Question 297954
Part a.)
Start with your significance level.  The standard is usually a 5% significance level.

Null Hypothesis is:  H_ :  u >= 26
Alternate Hypothesis:   H_a : u < 26

Part b.)
I am going to assume this sample set follows a Normal Distribution.  One with a normal density function.


we want to find  P(u >= 26) = 100% - 5%

Standardize this normal distribution so we can look it up in the Z-scores table.
  Z = (x - 26)/s , where Z is a random variable with a standard normal distribution. and s is the standard deviation.  s = 4.83
For a particular case we have Z = (25.02 - 26)/4.83 = 0.202898

Part c)  To test the hypothesis  I found P(Z >= 0.20289) which is our P-value.  We have to compare the P-value to our significance level.  and since the P-value here is greater than 5%, I cannot reject the null hypothesis.

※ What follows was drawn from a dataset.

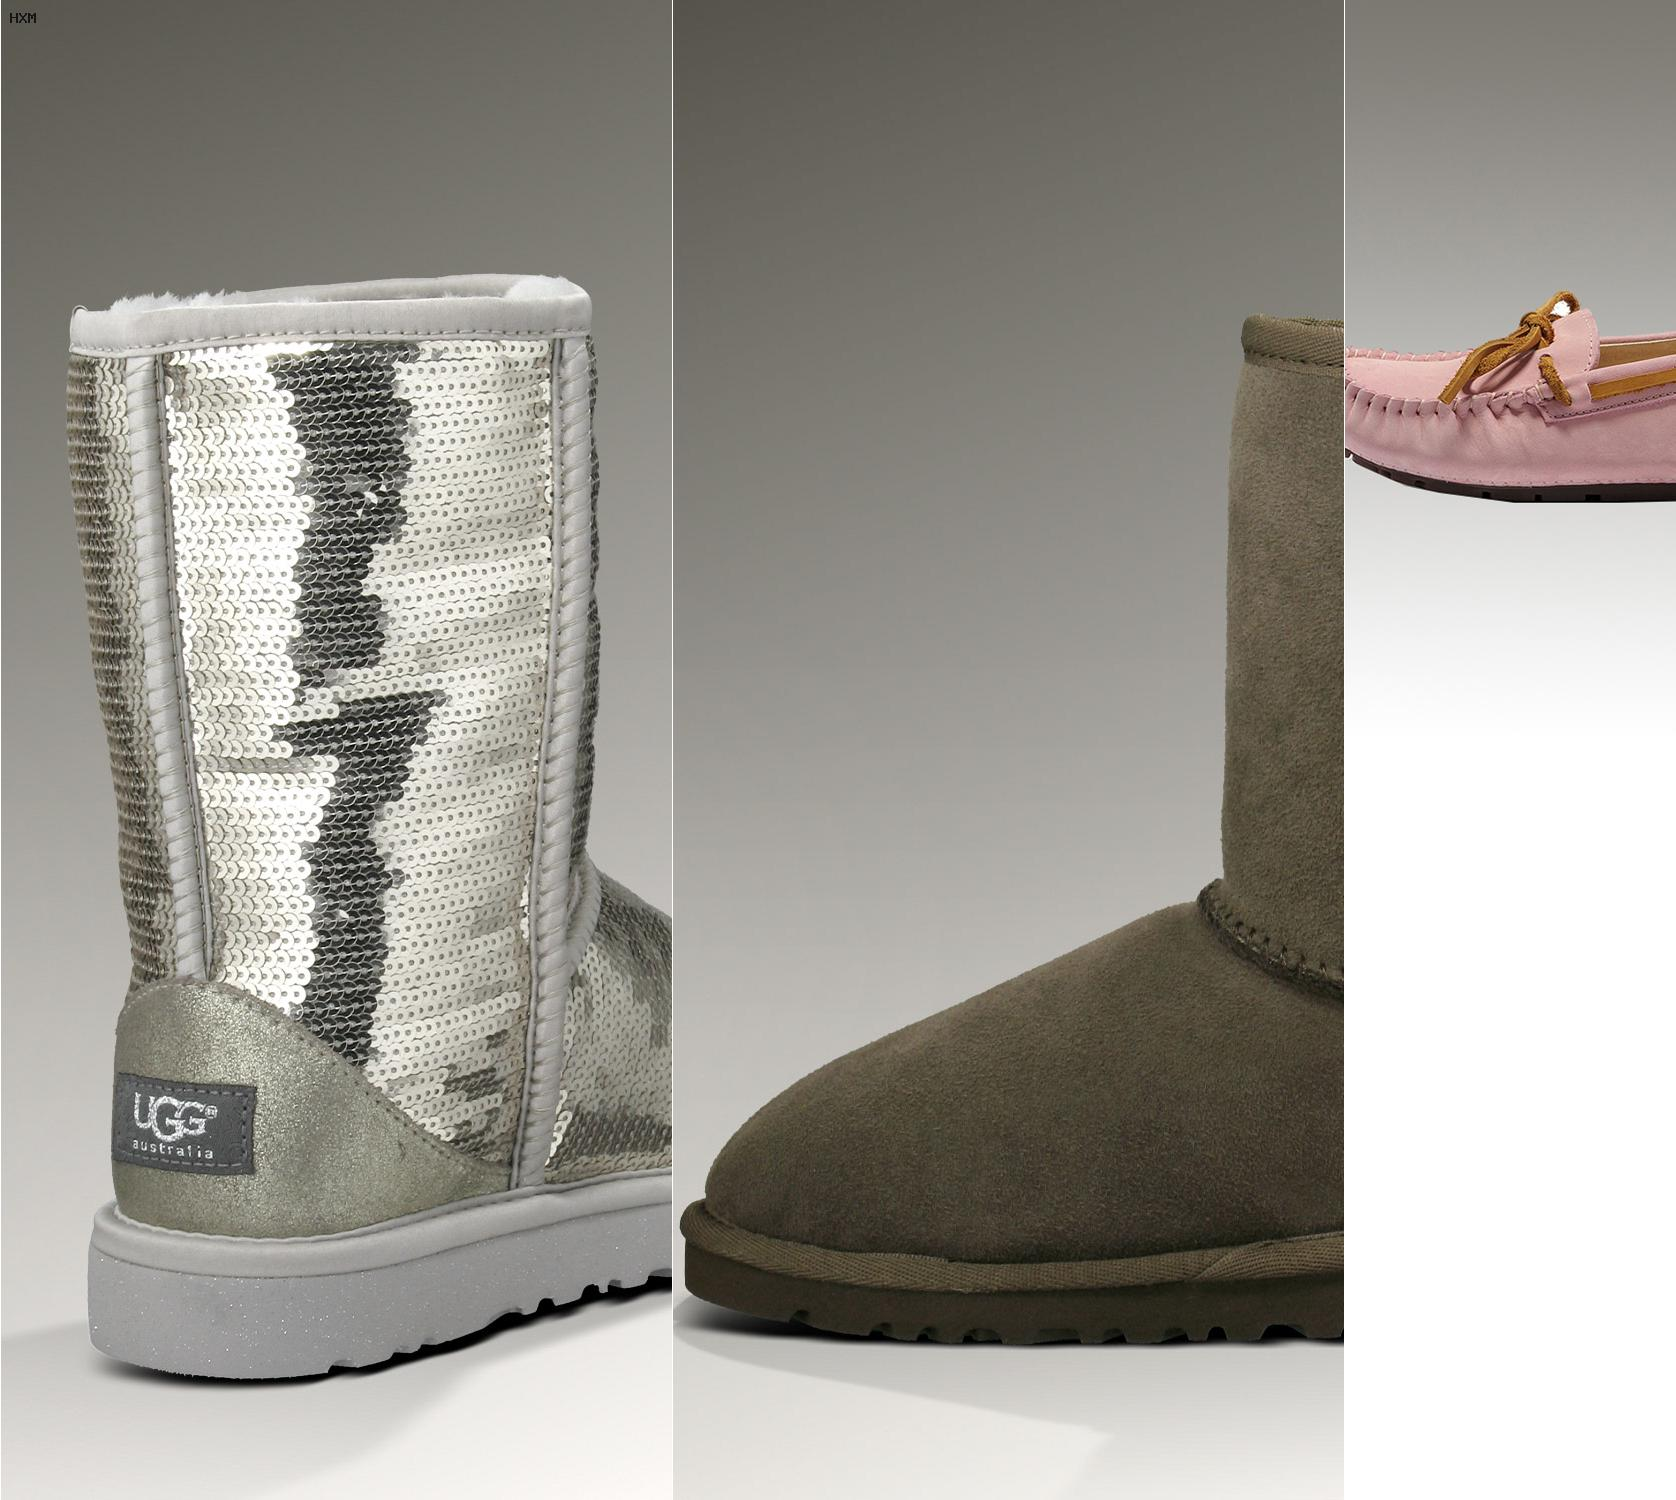 scarpe ugg amazon

Part d)  The P-value means the probability that the average of the miles per gallon variable is at least 26 mpg.  In this cas the probability is 41.3% 

Part e)
In the Z-scores table this corresponds to P(Z >= 0.20289) = 0.4129
Which is 41.3% > 5%,  Z is not in the rejection region, so therefore I cannot reject the null hypothesis.  I would have to conclude that the average mpg is 26 miles per gallon with a 95% confidence interval.





Sincerely Alan C, 
CSU Math Graduate 07